Ex-gay watch reported that up to 20-percent of Exodus ministries have recently quit or disappeared, many as a result of the shift in tone and substance. At the Exodus conference opens this week in St. Paul, will the group’s board members and local ministry affiliates stand behind Chambers? Will a number of “ex-gay” activists walk out in protest and form a competing organization comprised of extremists? Or, will dissent be quelled, with a majority of member ministries falling in line with Exodus’ possible new direction?

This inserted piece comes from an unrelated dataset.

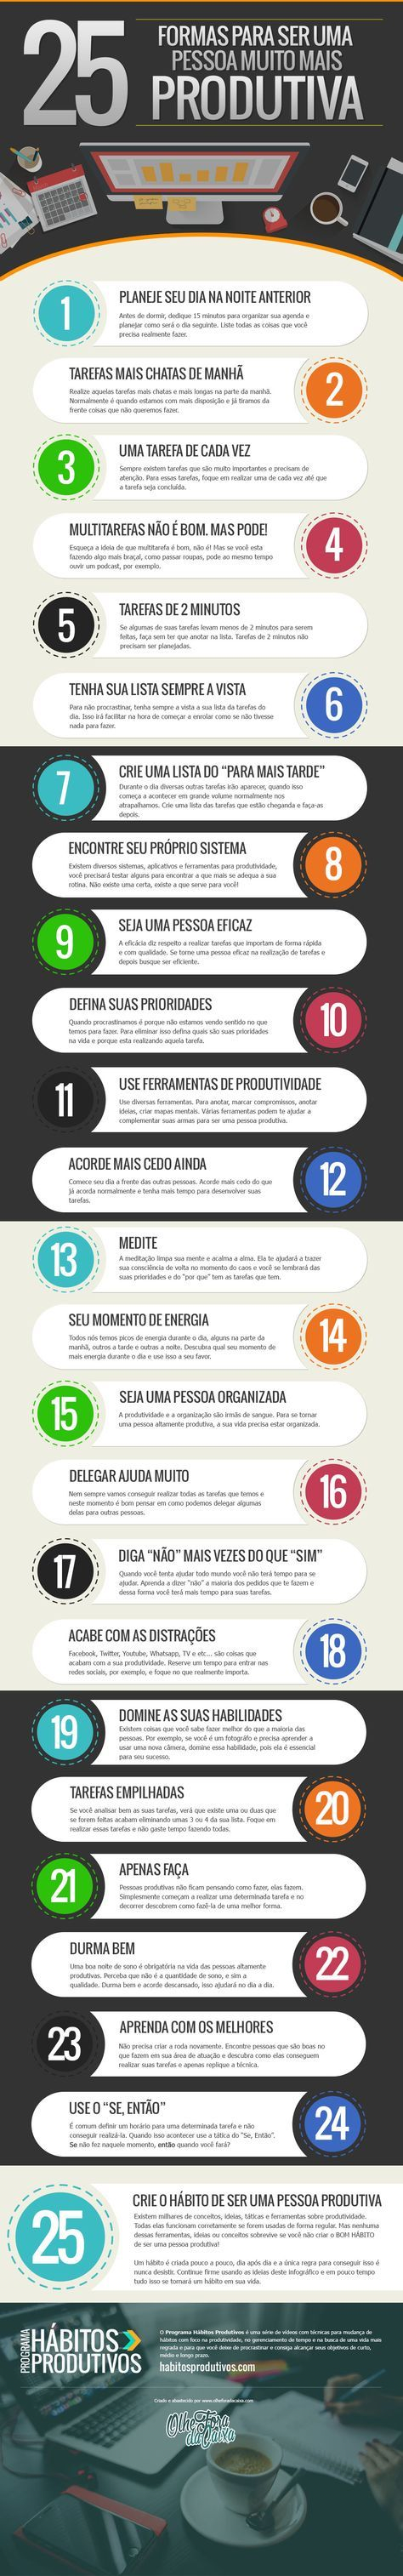 Um infográfico com 25 formas de ser uma pessoa produtiva que traz algumas dicas importantes. #produtividade

If Chambers is to be believed, Exodus is moving from a group that embraces Sexual Orientation Change Efforts (SOCE) to one that embraces Sexual Orientation Management Efforts (SOME). The former promises miraculous healing, while the latter essentially tells clients to embrace celibacy or marry a spouse he or she is not attracted to because that’s what God wants.
The truth is, celibacy is boring and doesn’t sell. If Exodus embraces this idea and no longer holds out false hope for a miracle cure it will lose most of its future clients. Gay people refraining from sex also has little luster for the media. And an “ex-gay” group that does not engage in politics will inevitably lose funding from anti-gay foundations and right wing donors.
Is Exodus really willing to surrender clients, media, and money for the sake of honesty? I certainly hope so, but let’s not underestimate the pressure on Chambers as he allegedly tries to transition his group. It will be a tough road and incredibly difficult for him to survive in his current post if he goes down this path.
Perhaps, the next step for Exodus is addressing the many victims who were harmed over the years by their false promises, deceptive ads, and misleading claims. These individuals (the ones who did not commit suicide) will never get back the years of their life and money wasted as they chased a mirage.
“I guess I’d like to see some sort of apology from leaders of Exodus for all the people they misled,” said Jeffry Ford to the AP. Ford is a St. Paul psychologist who worked for an Exodus-linked group in the 1970s and ’80s before splitting with his wife, coming out and strongly disavowing his past work.
To fully move towards the future, Exodus will need to address those whose lives were shattered by its inauspicious past. A new leaf or new lies? The world is watching the St. Paul conference to find out.